That’s an interesting thought. How do Brits say “I’m coming”?
In a variety of ways but it’s considered polite to presage it with ‘Excuse me old gal, but …’
To do otherwise would be to label yourself a bounder and a cad.
Family Guy covered this, but I’m drawing a blank.
“Cheerio, I’m off, time to see to me daily wank.”
I thought it was “I promise I’ll tap your head a second before”.
If you’re posh you say “I’m arriving”.
I don’t give a shit, Blair fucked up all of his credibility with me when he went down that road with Bush. If he’s got any regrets now it’s too little too late in my opinion.
Ah, that’d be the dog’s bollocks, old chap.
You Sir, are a cad and a bounder.
Well, colour me enlightened.
I imagine she said it too, but I couldn’t understand her with her mouth full. :smack:
Not going to happen, but:
A real lady would know not to speak with her mouth full. She was probably a colonial of some sort. Or a member of the lower orders. Either way, you’re clean.

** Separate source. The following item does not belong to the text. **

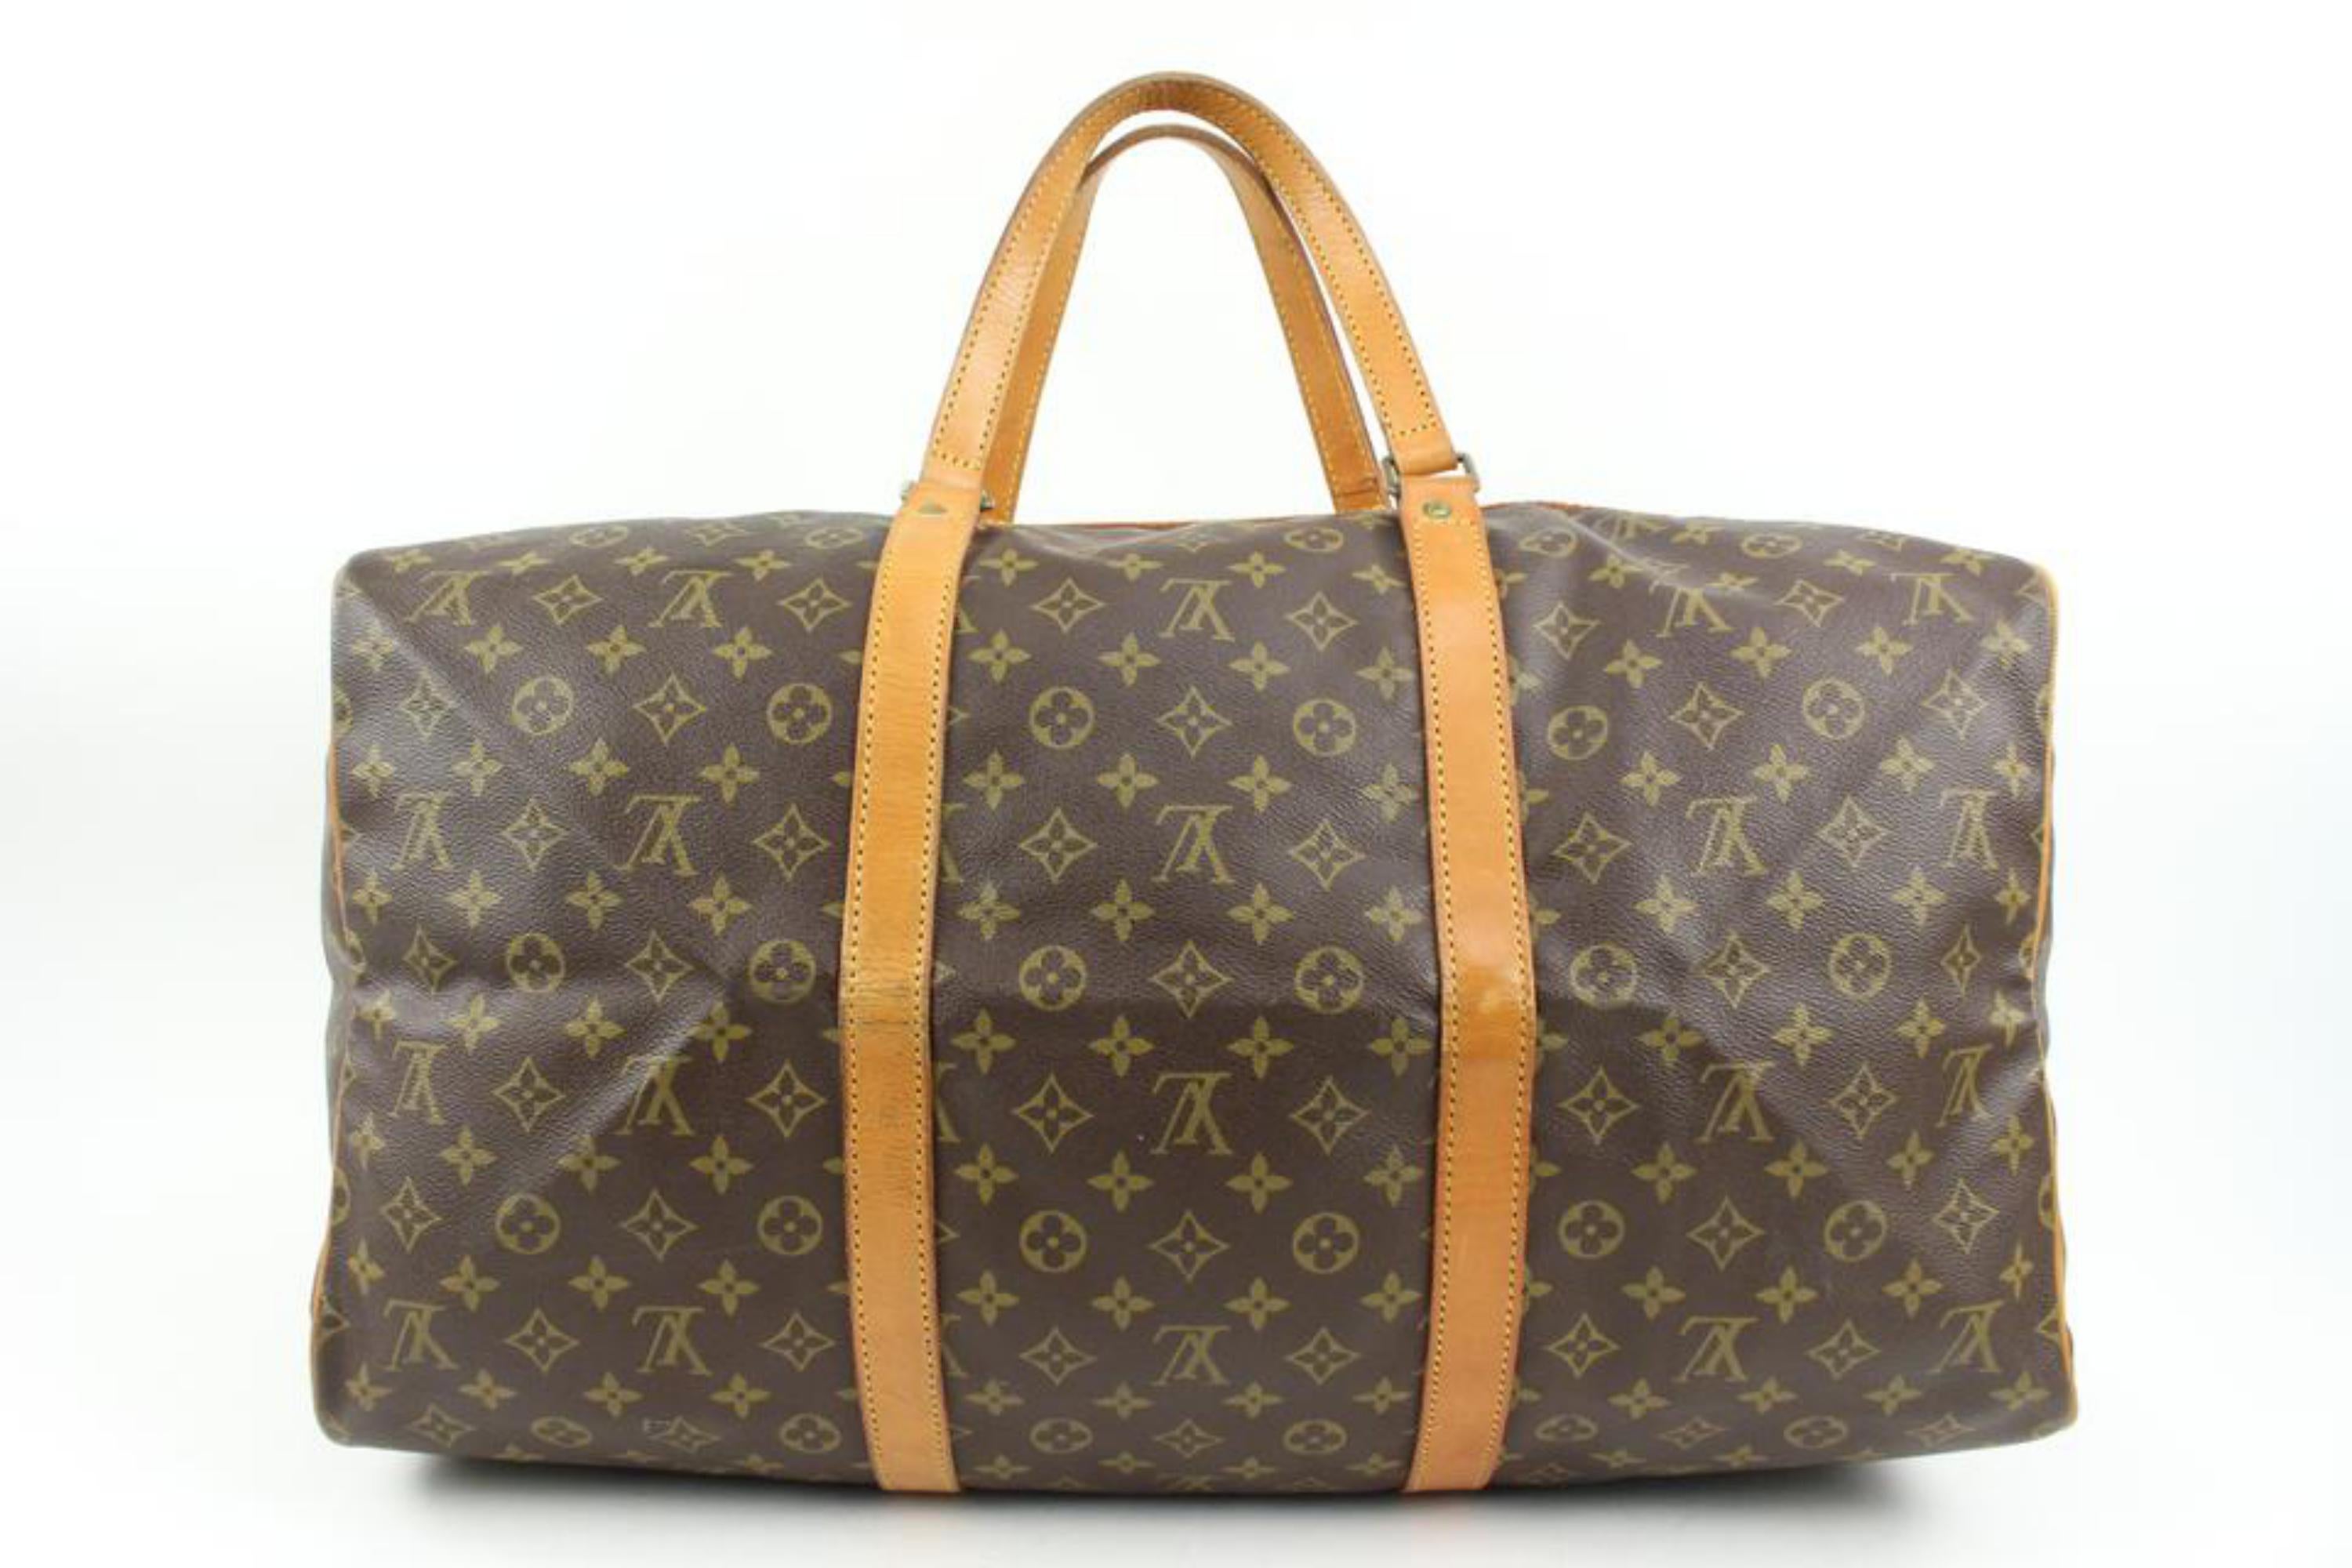 Louis Vuitton Discontinued Monogram Sac Souple 55 Duffle Bag 24lk31s For Sale 2

(Airblairxxx wakes up, wanders into pit)
Wait, what the hell did I do?
(takes closer look at entire thread)
Oh, right, it’s about that other guy.
Er, I think I’d like a Jaffa cake instead.
If you’re not so posh you just assume she realises when you whip it out and wipe it on her hair…
And if you’re really posh you say “We are arriving”.
Or possibly “One is arriving”.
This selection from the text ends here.